How co-parents can handle discipline

On Behalf of | Jun 1, 2026 | Child Custody and Visitation

Discipline is a crucial part of raising a child. It provides the routines and boundaries necessary to help them feel secure, develop responsibility, understand the consequences of their actions and build self-control. But how can parents handle discipline when raising a child in two homes?

While discipline itself is generally the same whether you are raising a child under one roof or between two homes, how it’s executed can differ. Here is how co-parents can handle discipline:

Maintain consistency in the two homes

It helps if your child follows the same rules in both homes, because adapting to different expectations in each can be confusing. You and your co-parent should agree on bedtimes, chores, homework expectations, screen time limits, safety guidelines and appropriate language. Then, employ them in both homes.

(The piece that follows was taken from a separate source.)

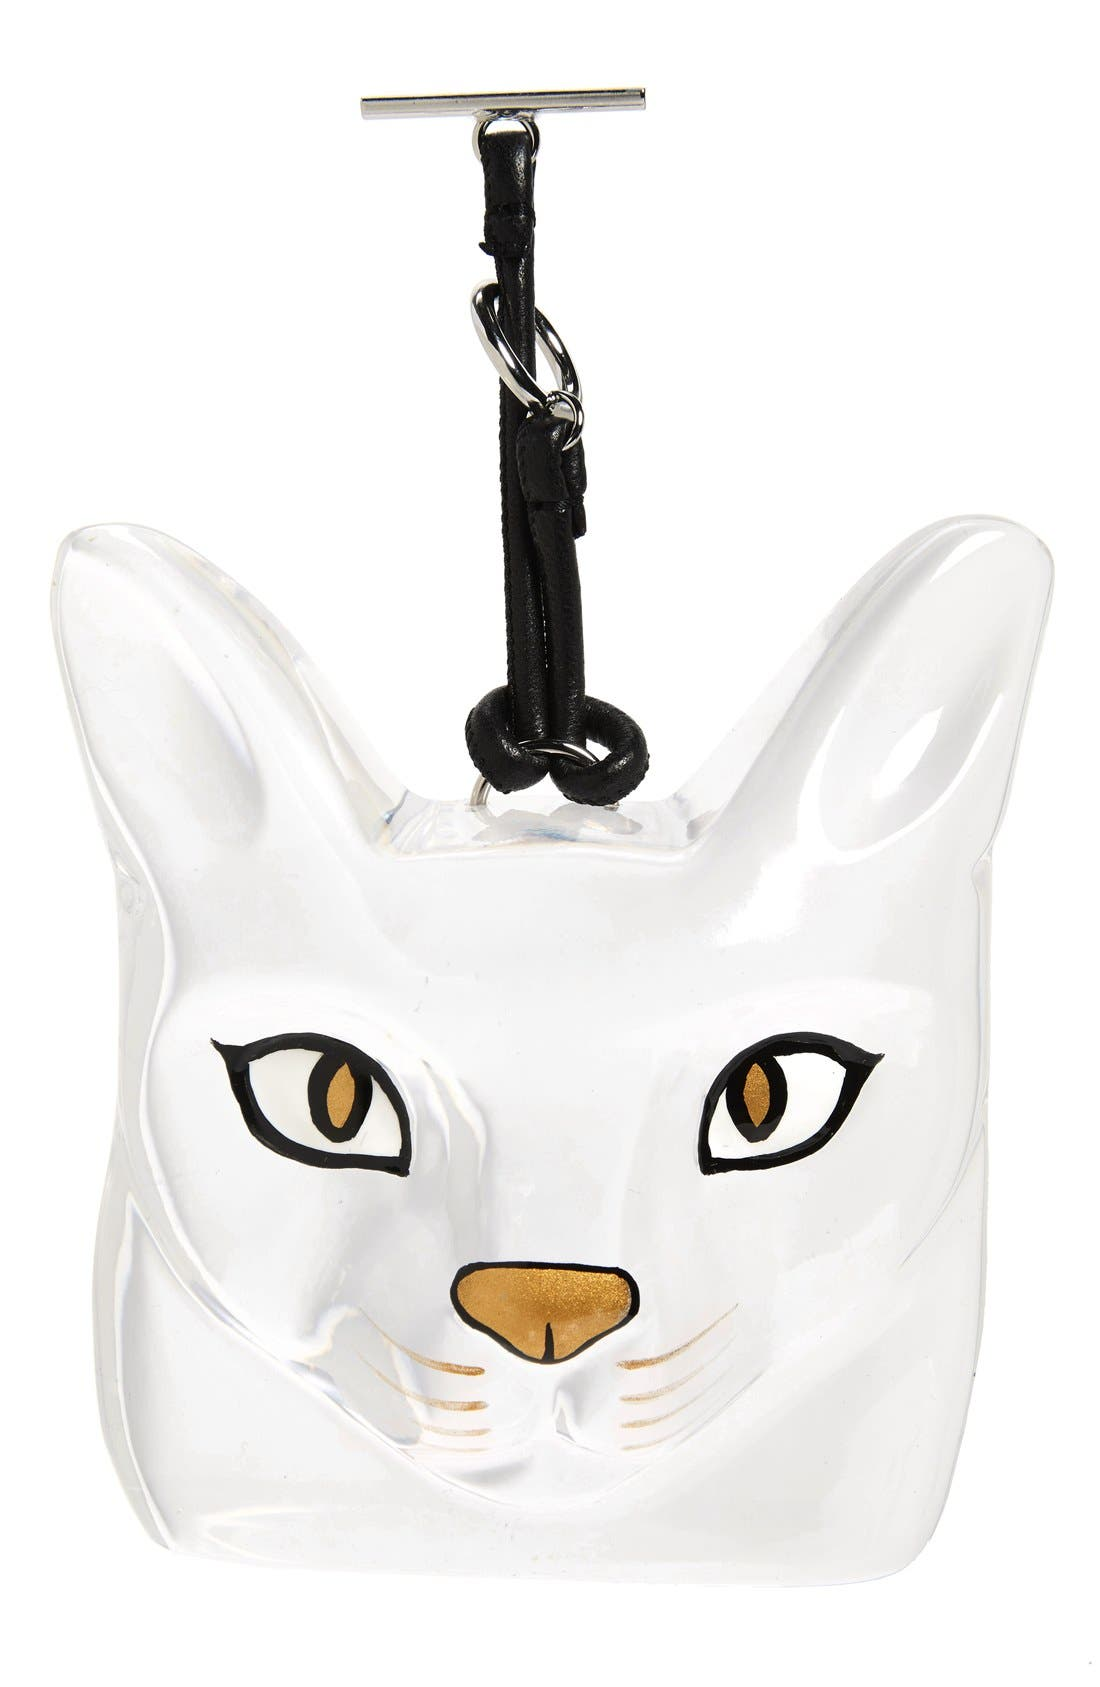 Main Image - Loewe Cat Face Bag Charm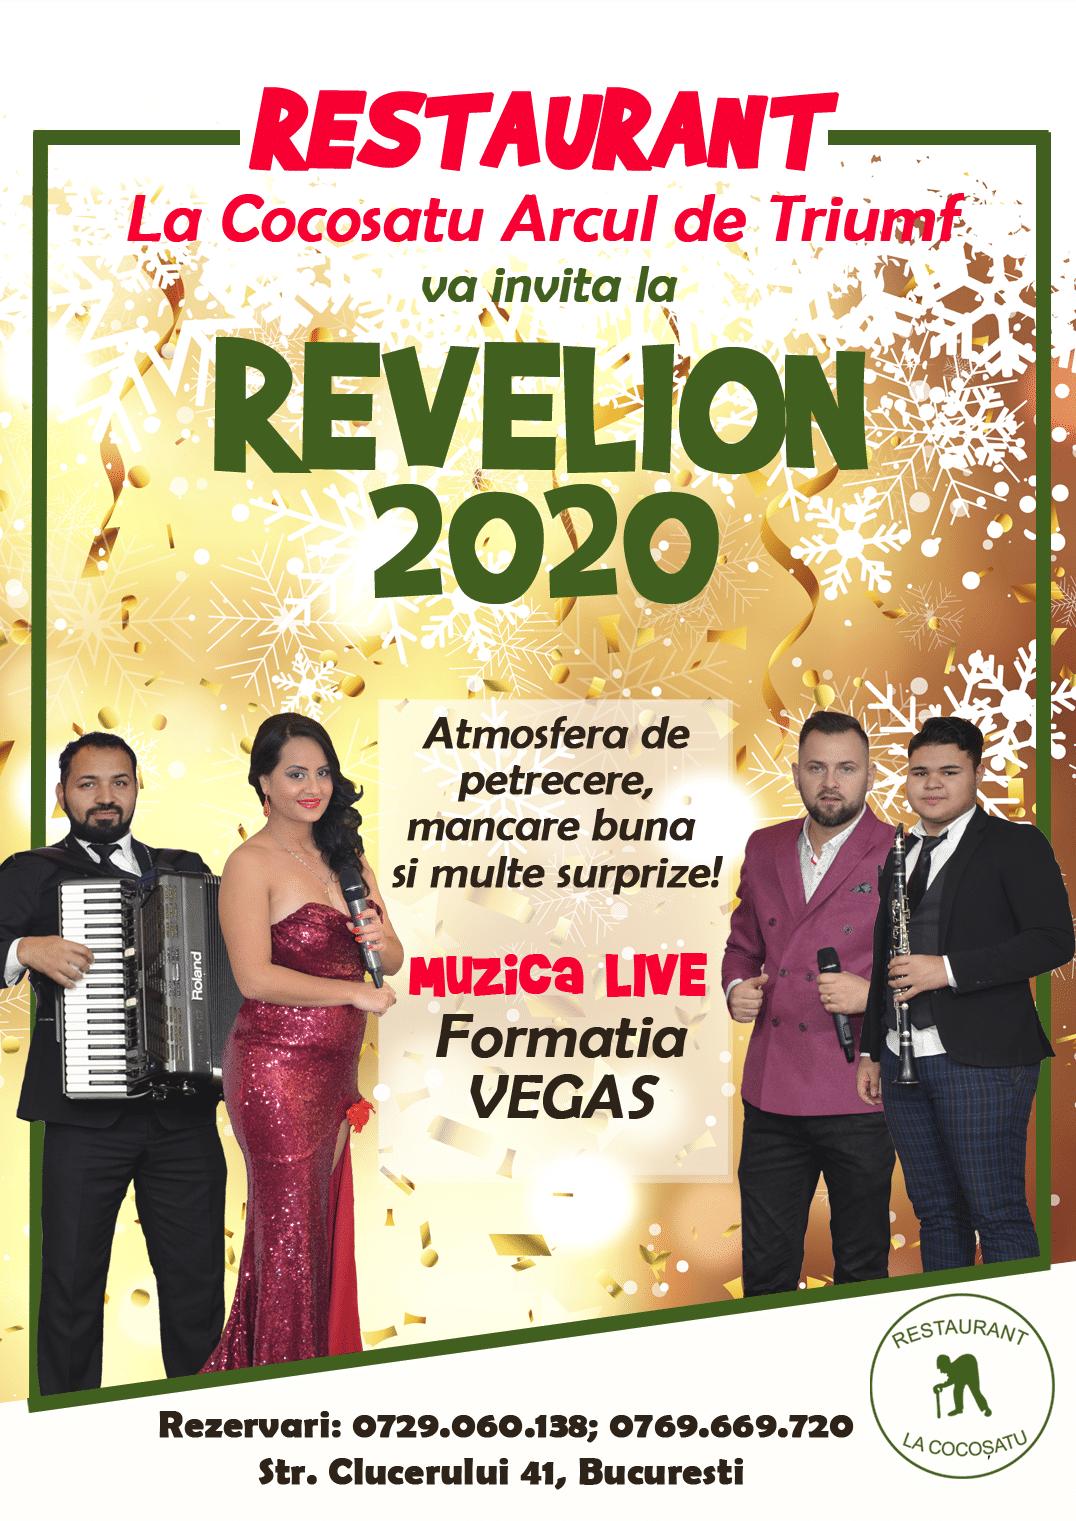 Revelion Romanesc in Restaurantele La Cocoșatu!

A unified front on core boundaries benefits your child and your co-parenting. You may not agree on everything, particularly if you have different parenting styles. However, it’s crucial to maintain consistency on core, non-negotiable boundaries.

Communicate

You should inform each other about a mistake your child makes. If they return home past their curfew, lie, get in trouble at school and so on, communicate it. This way, you can agree on a disciplinary action and ensure it’s observed in both homes. 

For instance, if your child is grounded for two weeks while in your home, this should continue after the transition. Accordingly, they can understand that the consequences of their actions will remain effective regardless of which parent they are with. 

Don’t underestimate each other

If you disagree with a disciplinary action, for example, you don’t believe a mistake warrants grounding for two weeks, do not criticize your co-parent in front of the child. Discuss it privately to find common ground.

The good cop/bad cop dynamic in co-parenting is never healthy. You and your co-parent can take certain steps to successfully raise a responsible child without either of you having to be “the bad guy” in the situation.